Xinzhoubang will supply CATL with 5 units of electrolyte annually from 2026 to 2028. The agreement covers purchase and sales cooperation for the battery material.

CATL has signed a three-year electrolyte supply agreement with Xinzhoubang, securing five units of the battery material annually from 2026 through 2028. The deal, structured as a purchase and sales cooperation, locks in a fixed volume for one of the most volatile components in lithium-ion battery production. The contract size raises immediate questions. Five units per year is a modest allocation for a company that produced batteries for nearly 260 gigawatt-hours of electric vehicles in 2024.

Electrolyte is typically measured in thousands of tons per contract, not single-digit units. This suggests the agreement may cover a specific product line, perhaps a next-generation chemistry or a regional production base, rather than a broad supply chain hedge. Electrolyte prices have swung wildly over the past three years. Lithium hexafluorophosphate, the key salt, surged past 600,000 yuan per ton in 2022 before crashing below 100,000 yuan in 2023.

The volatility has punished both suppliers and buyers who relied on spot markets. Fixed-volume contracts offer stability but also risk locking in unfavorable terms if prices continue to fall. Xinzhoubang is not a household name in the battery supply chain. The company has been expanding its electrolyte capacity, but it remains a smaller player compared to giants like Tinci Materials or Capchem.

CATL’s willingness to sign a multi-year deal with a relatively niche supplier signals a strategic shift toward diversifying sourcing beyond the usual suspects. The three-year timeline is also noteworthy. Most electrolyte supply agreements in the industry run one to two years, reflecting the rapid pace of technological change in battery chemistry. A three-year commitment suggests CATL has confidence in Xinzhoubang’s ability to maintain quality and cost discipline through multiple product generations.

One detail that escapes casual observation: the agreement covers both purchase and sales cooperation. That two-way language hints at a deeper relationship than a simple buyer-supplier arrangement. CATL may be providing Xinzhoubang with technical specifications, production know-how, or even access to its own raw material procurement network. In exchange, Xinzhoubang could be offering dedicated production lines or priority allocation during supply crunches. The broader context matters.

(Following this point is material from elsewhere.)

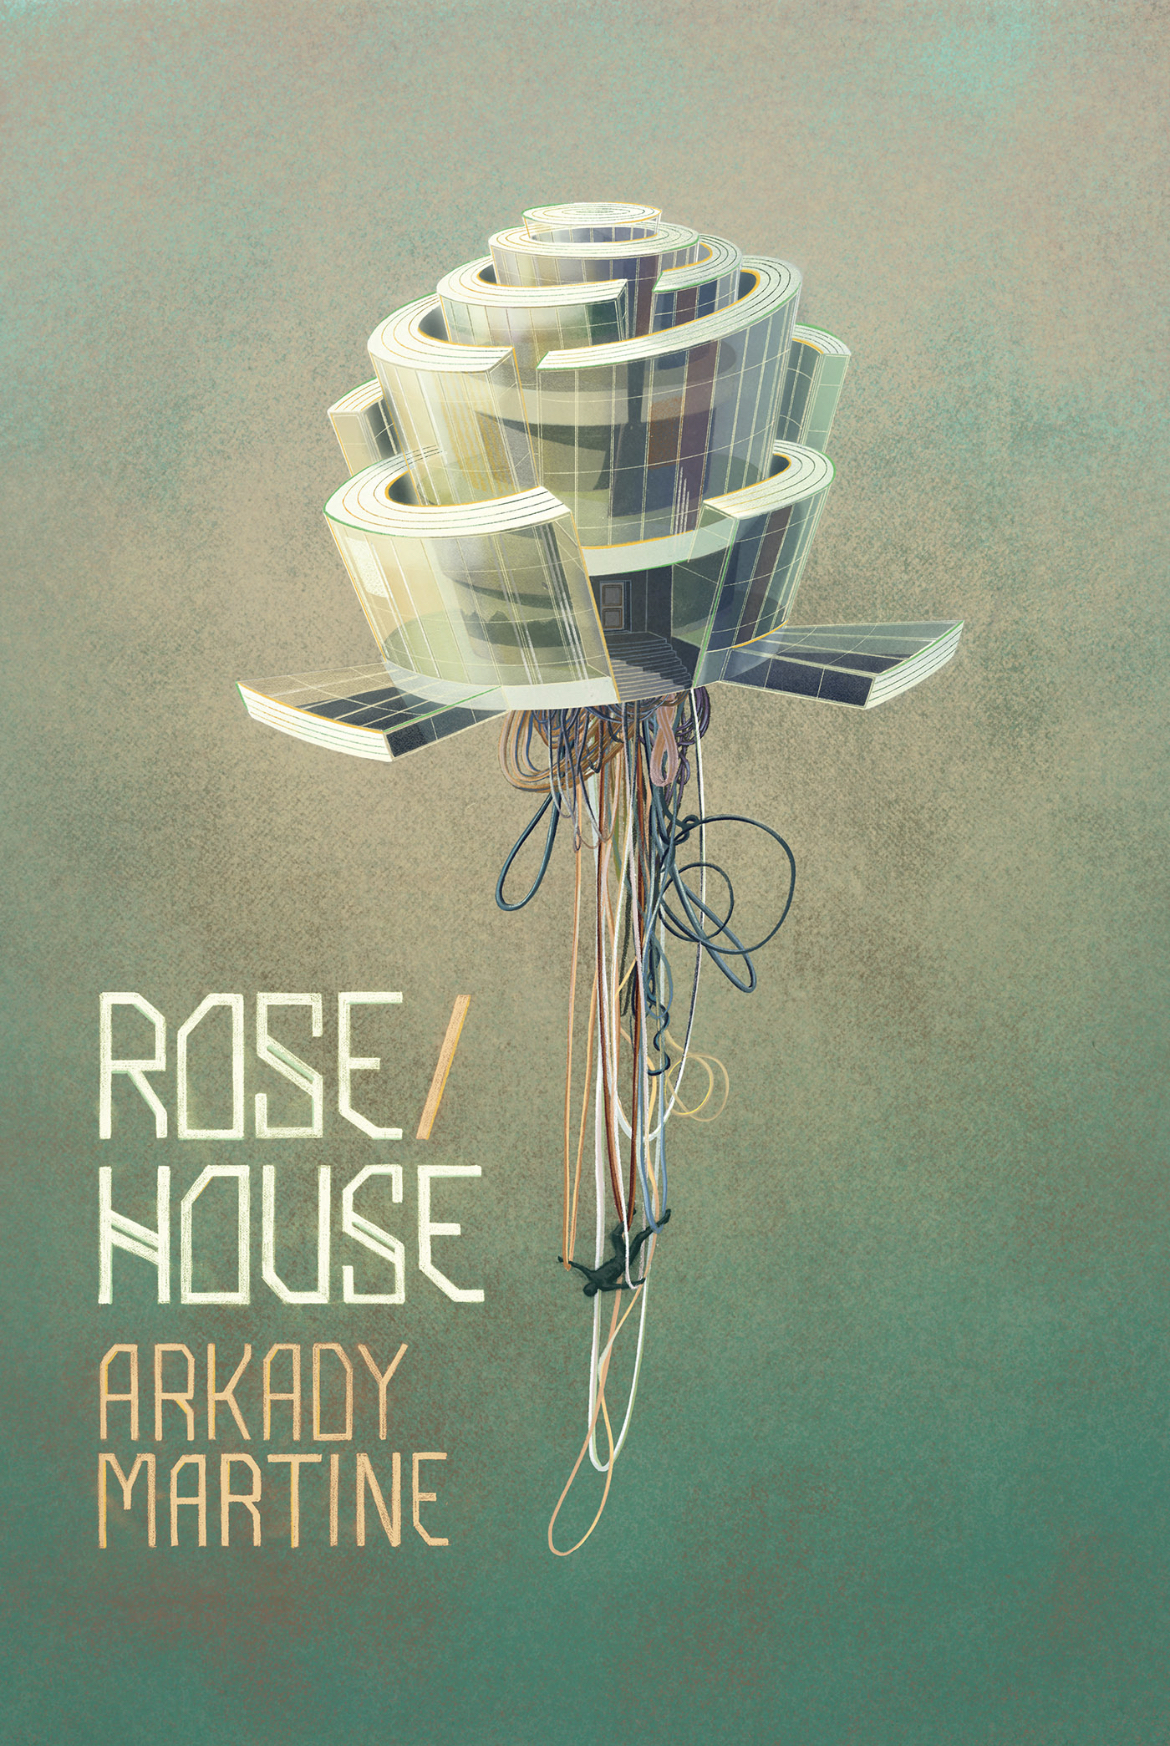 Rose/House (Subterranean Press)

China’s electrolyte market is oversupplied, with total capacity far exceeding demand. Many producers are operating at 50 percent utilization or lower. A guaranteed offtake agreement with the world’s largest battery maker gives Xinzhoubang a crucial revenue floor while competitors scramble for orders. For CATL, the deal is a small piece of a much larger puzzle. The company has been aggressively verticalizing its supply chain, investing in lithium mines, cathode plants, and recycling facilities.

Electrolyte has been a notable gap in that strategy. This agreement does not fill that gap entirely, but it does provide a template for how CATL might manage the remaining exposure. The real test will come in 2027, when the second year of the contract kicks in. By then, sodium-ion batteries and solid-state electrolytes may have reshaped the demand landscape for conventional liquid electrolyte. If those technologies scale faster than expected, five units could look like too much.

If they stall, it will look like too little.